You are right that most bugs with Severity 'Blocker' are likely to have
Priority 'Immediate'. But for all the rest it is up to the project team
to decide how to prioritize bugs with one another.
For instance a problem that is Average but is an obscure module that is
rarely used , priority will probably be low.
One of the reaon why you don;t clearly see the difference between the 2
is also becasue we have very few bugs on the SAvannah project. But on
large projects these 2 attributes are absolutely fundamental. Ask the
Mozilla people for instance :-)
resolution / status :
if I'm not mistaking, the resolution is a form of « status ». If it
is "wont fixed", or "fixed", or "invalid", it is closed, no ?
That's right
I understand that close/open permit easy browsing of open bugs, bug
some status setting should be automatically set the resolution to close
(the one I've listed above)
The problem is that these attributes are entirely configurable and it is
impossible to know what is the semantic associated with the new label
defined by each project. All the bug tracking system that tries to
implement a transition state diagrams are a nightmare to manage.
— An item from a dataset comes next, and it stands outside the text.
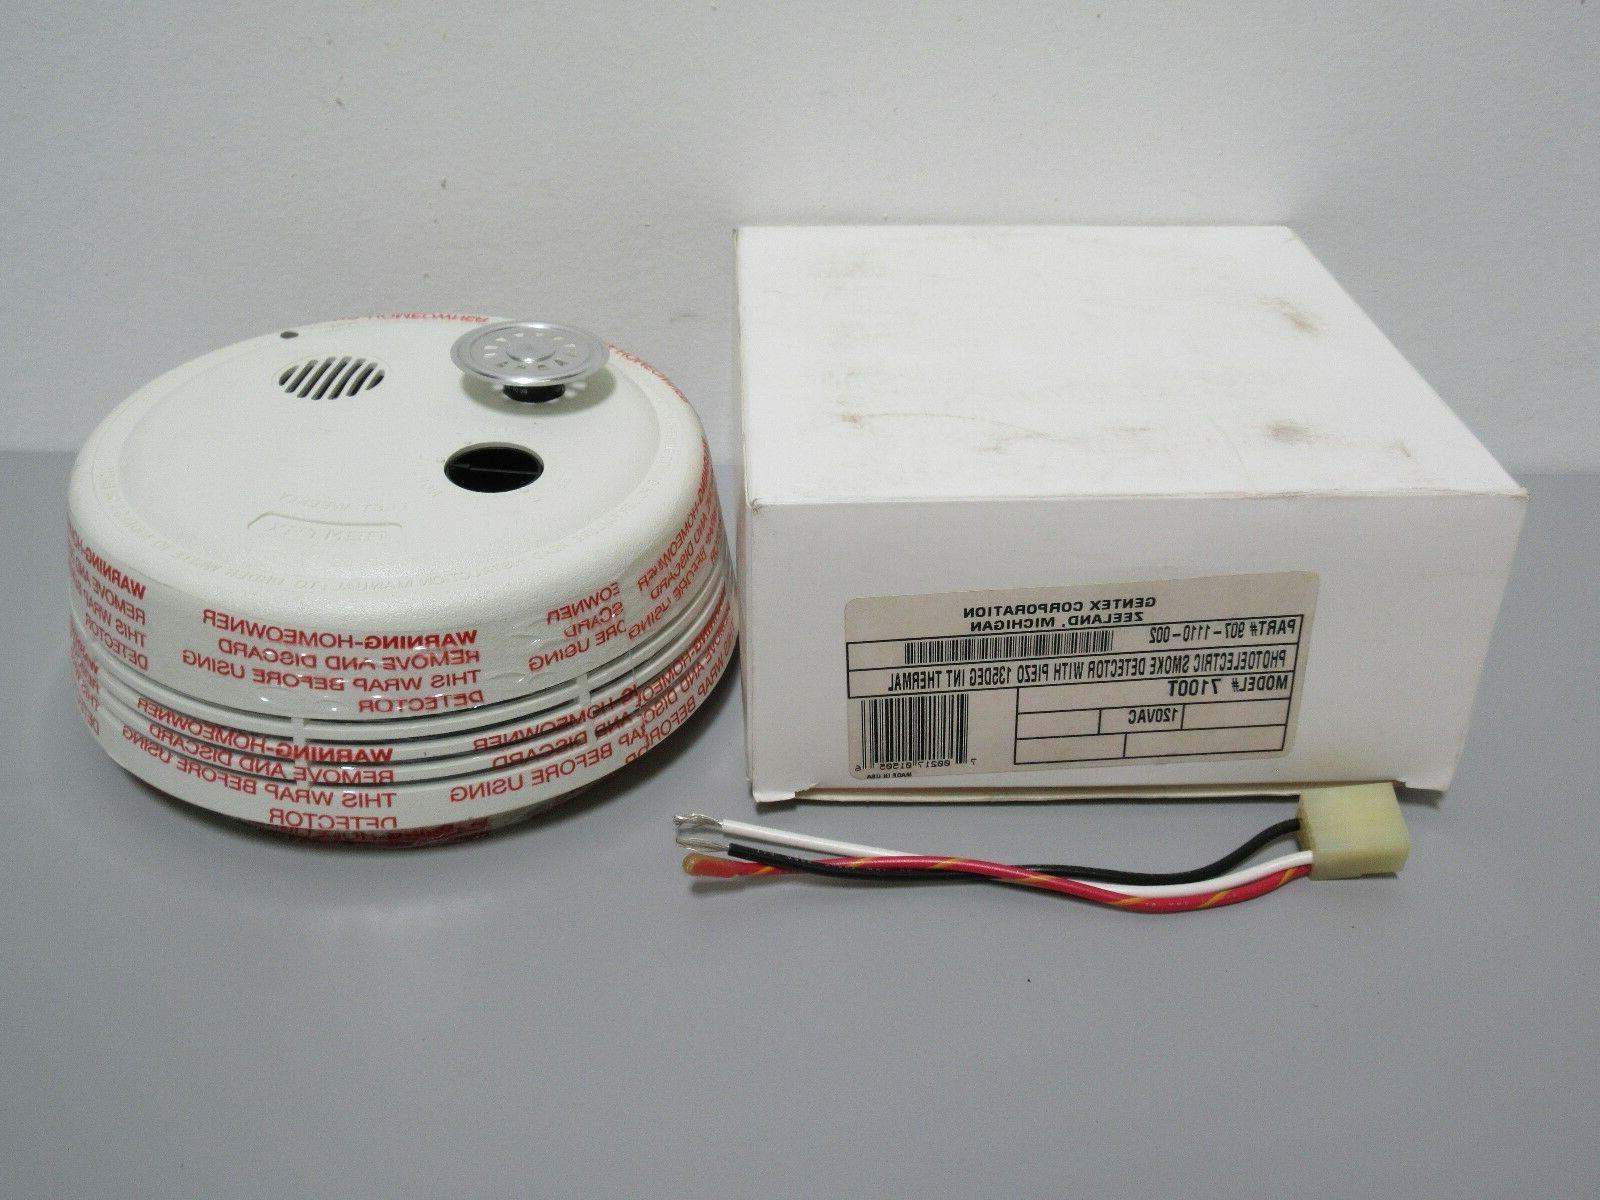 7100t smoke alarm

It's a little bit confusing to me but it mays have many reasons
explaining this.
I've looked as the Debian bug system and bugzilla. In Debian bug system,
it seems that there not two severity / priority solution, but in
bugzilla there is the same thing.
Debian seems to be a large project so I'd be curious to know how they
manage the priority in which bug will be fixed when they have several
tens in the queue...
This being said since we have little bugs on Savannah it is perfectly
possible to de-activate the Priority field if a majority of the team
members agree to do so. I still think it is a good practice to
decorrelate the impact information from the timing information.